§ What you have to do
Keep the text of the data exactly as it is and omit each picture from the copy.

::: Dataset content

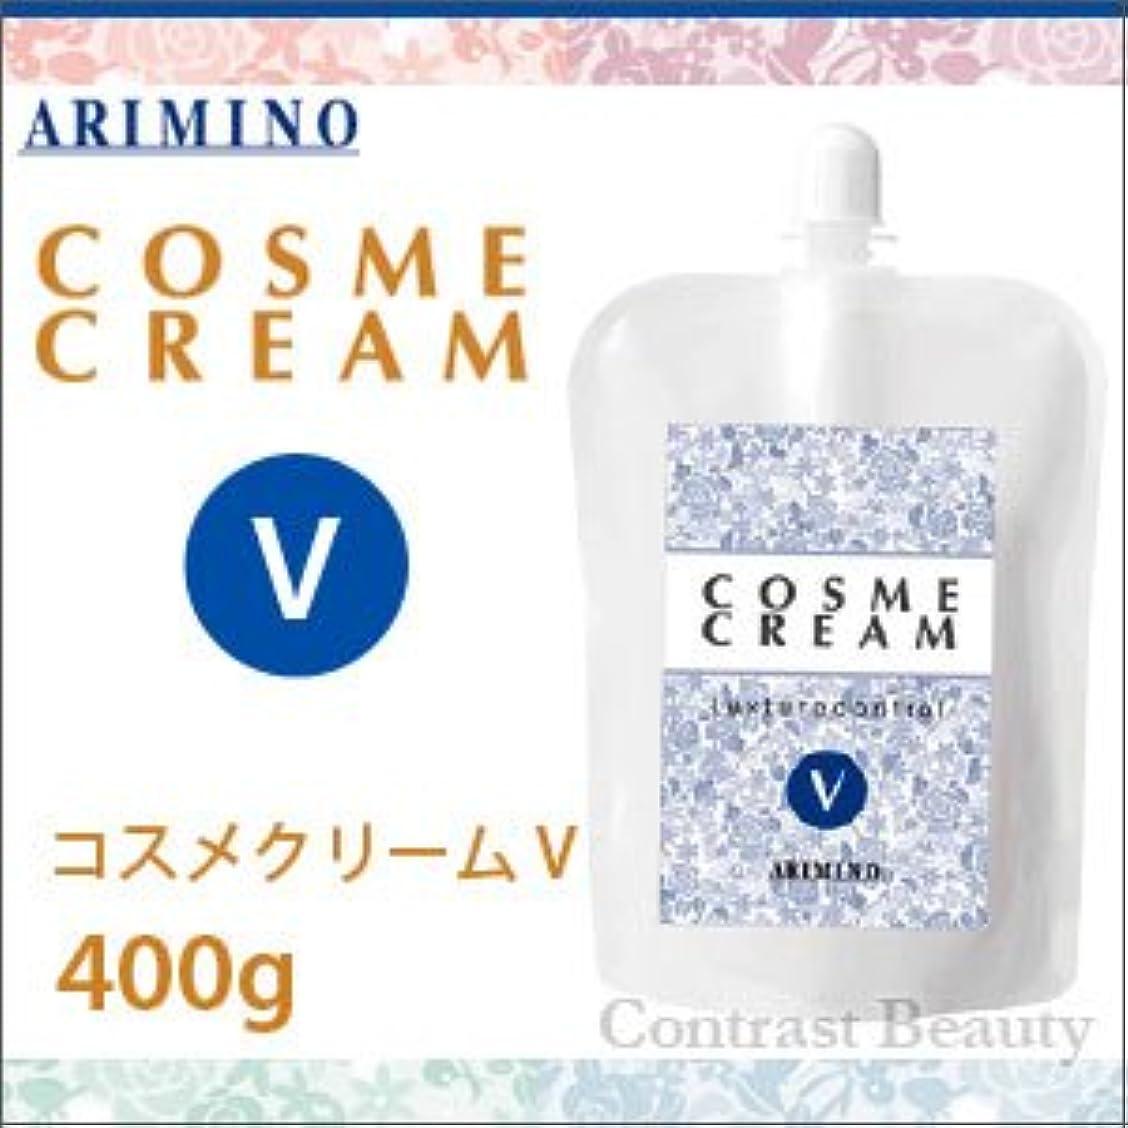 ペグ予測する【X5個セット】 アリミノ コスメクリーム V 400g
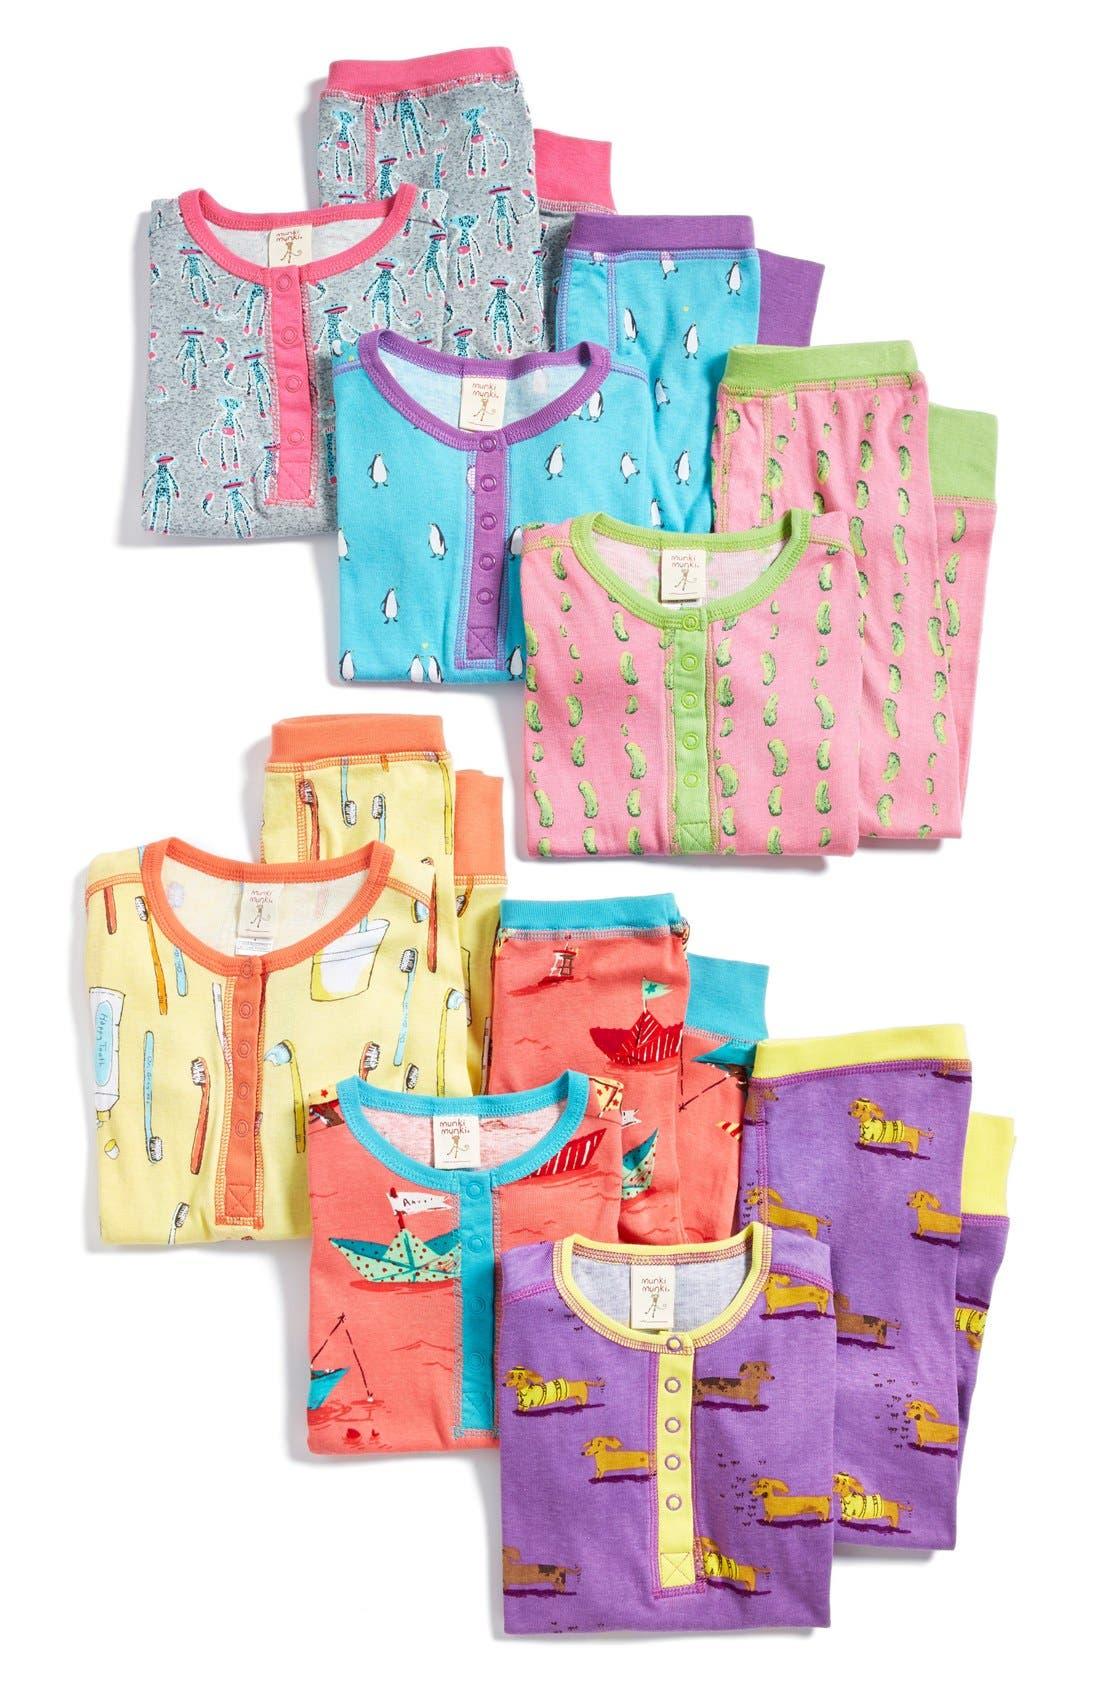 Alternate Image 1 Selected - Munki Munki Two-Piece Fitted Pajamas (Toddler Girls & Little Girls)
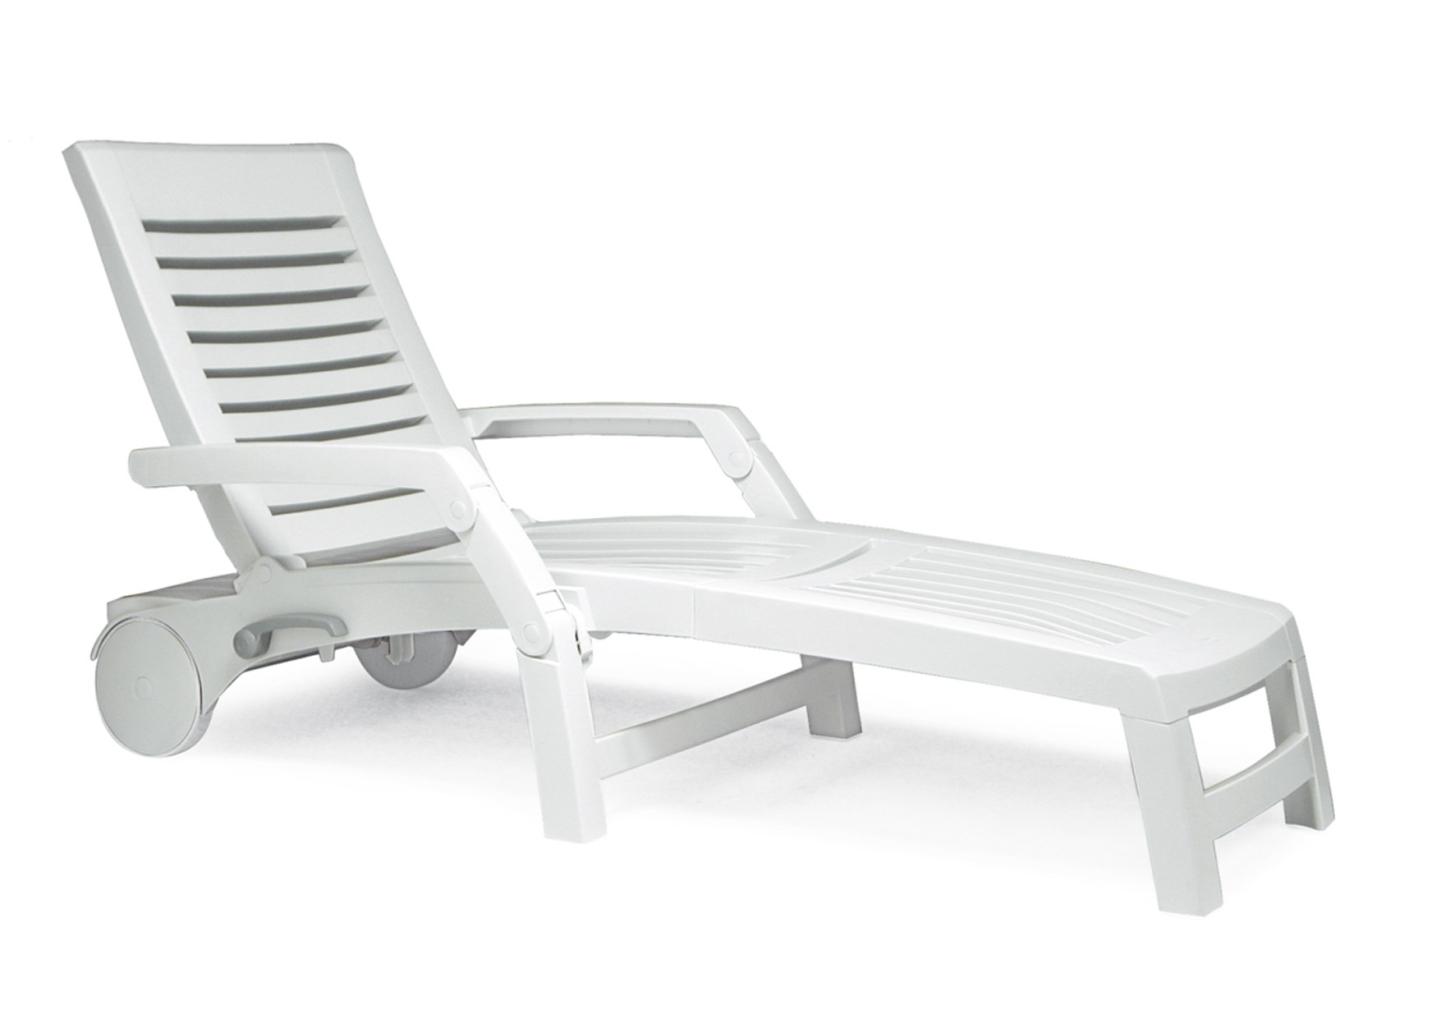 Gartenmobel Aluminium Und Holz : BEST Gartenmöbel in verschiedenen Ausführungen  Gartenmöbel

::::::

§ Task solution
 ペグ予測する【X5個セット】 アリミノ コスメクリーム V 400g
 Alternate Image 1 Selected - Munki Munki Two-Piece Fitted Pajamas (Toddler Girls & Little Girls)
 Gartenmobel Aluminium Und Holz : BEST Gartenmöbel in verschiedenen Ausführungen  Gartenmöbel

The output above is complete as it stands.